Butterfly swords are usually called 'butterfly knives' in English. However, they should not be confused with the folding balisong, which is also commonly called a butterfly knife. The Chinese word dao is used to designate any blade whose primary function is to cut and slash regardless of length. In some branches of Kung Fu, such as Wing Chun, butterfly knives are known as Baat Jaam Do (named after the system's form, literally 'Eight Chopping/Slashing Knives' in Cantonese).
==Use==
Butterfly swords are used in several Chinese martial arts, notably Wing Chun, Hung Ga, and Choy Li Fut. In Wing Chun, one notable aspect of butterfly sword combat is that its principles are the basis for all other weaponry. In theory, any object that can be held in the hands of a Wing Chun practitioner will follow the same basic principles of movement as the butterfly swords. This is because the use of butterfly swords is simply an extension of empty-handed combat.

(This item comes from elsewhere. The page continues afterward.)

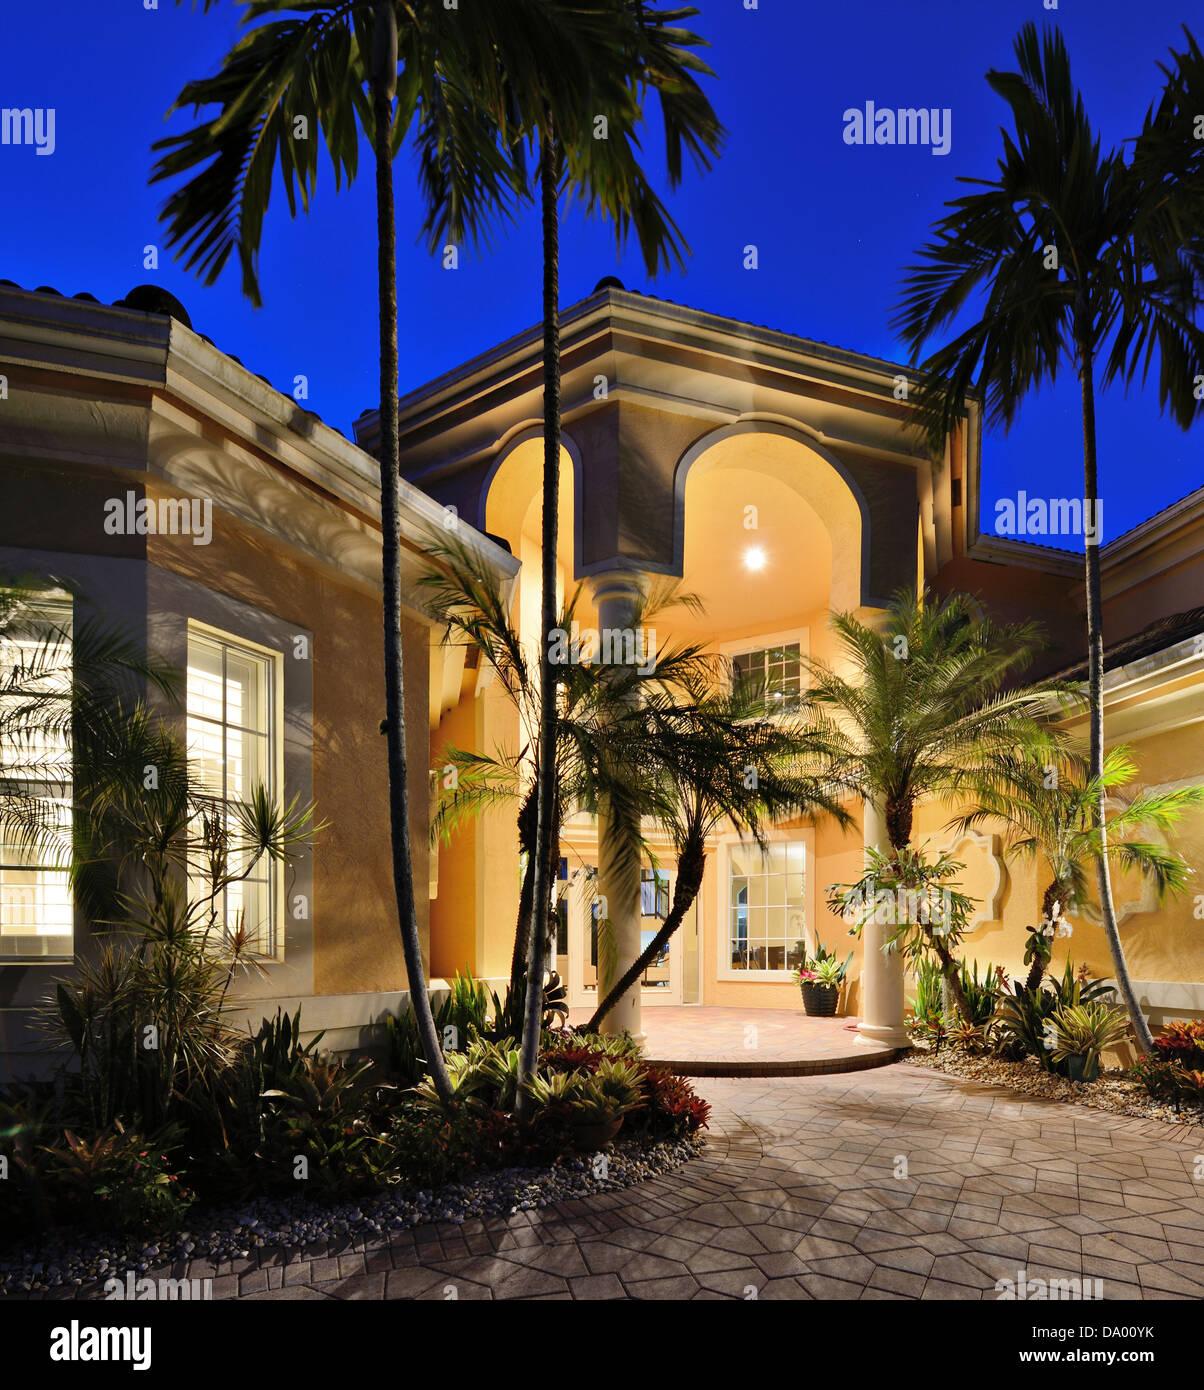 Hôtel particulier d'entrée dans un lieu tropical. Photo Stock

The design of the weapon, including the quillon (crossguard) shape, blade profile and blade length, are specific to each style of martial arts, the precise lineage, and individual. For example, some martial arts lineages flip the butterfly swords between the forward and reverse grip like a Sai; they consequently need a quillon that will fit the hand during a reverse grip. Some lineages trap the opponent's staff or blade between the quillon and spine, and they need a longer quillon closer and more parallel to the spine than would fit a hand after flipping. Some schools like a hybrid quillon design that is adequate for both flipping and trapping but optimal for neither.

Some butterfly swords had a long narrow blade that emphasized stabbing. While a deadly stabbing blade with a sharpened point—known as a "Red Boat" knife—was used by Chinese revolutionaries in the Wing Chun lineage, modern Wing Chun practitioners tend to prefer a blade profile with a wider belly that emphasizes chopping and slashing. Wing Chun lore attributes this to the desire of Monks to maim rather than kill. These knives generally have a quarter circle style tip suitable only for chopping/slashing and not stabbing or a shallower curve to a more pointed tip that will accommodate both.

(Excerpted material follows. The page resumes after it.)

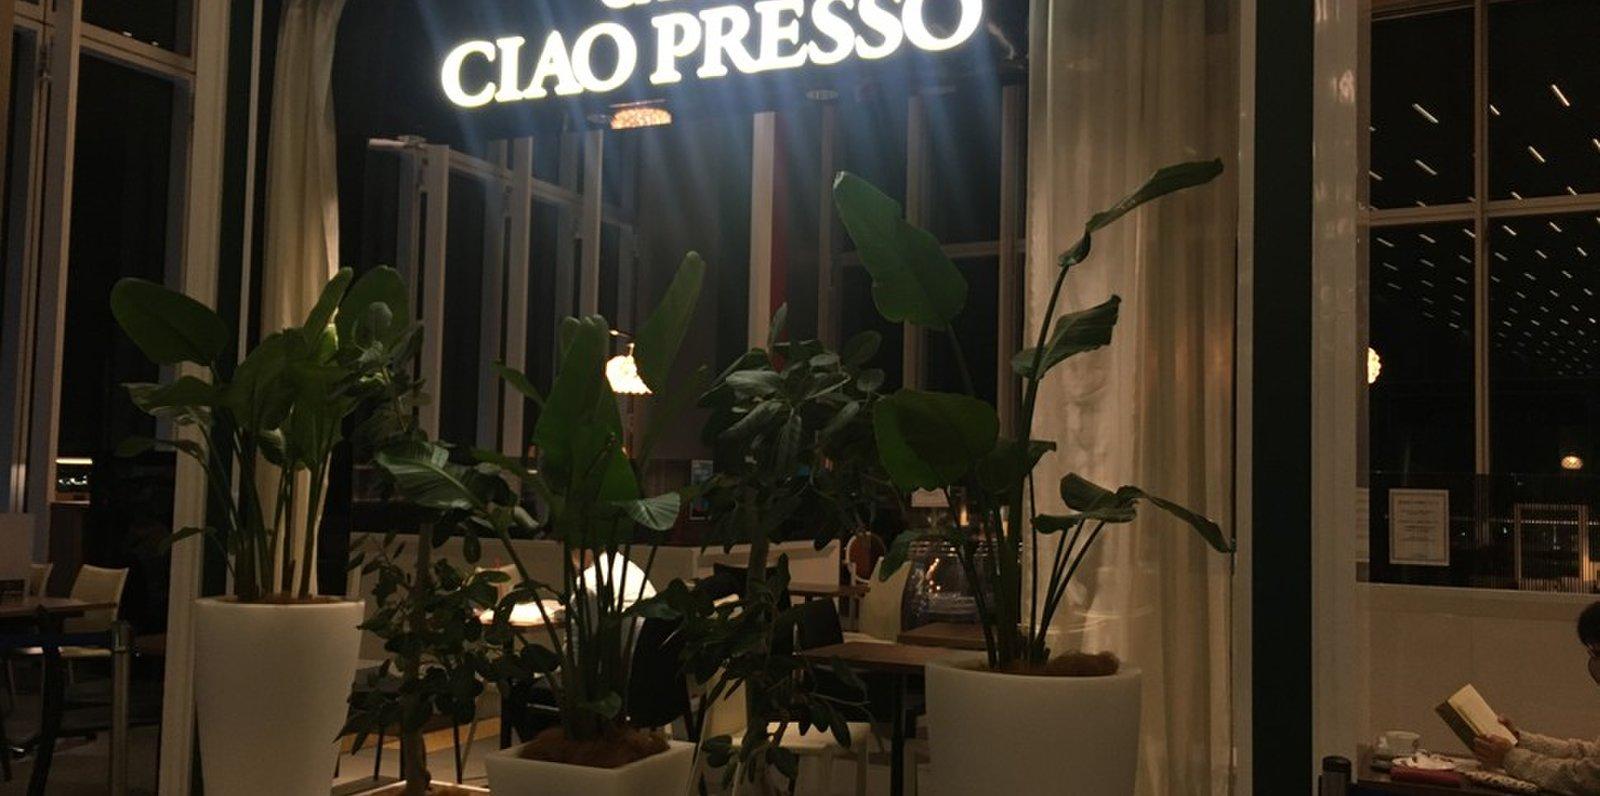 チャオプレッソ あべのハルカス店

The appropriate length of the blade depends on a combination of the lineage and individual. For a Hung Gar stylist, the length should be a few inches past the elbow when the knife is held in a reverse grip. Wing Chun schools that use techniques which twirl the knives inside the arm need a reverse grip blade length based on the distance to the interior of the bicep. Other Wing Chun schools measure to the outside of the bicep.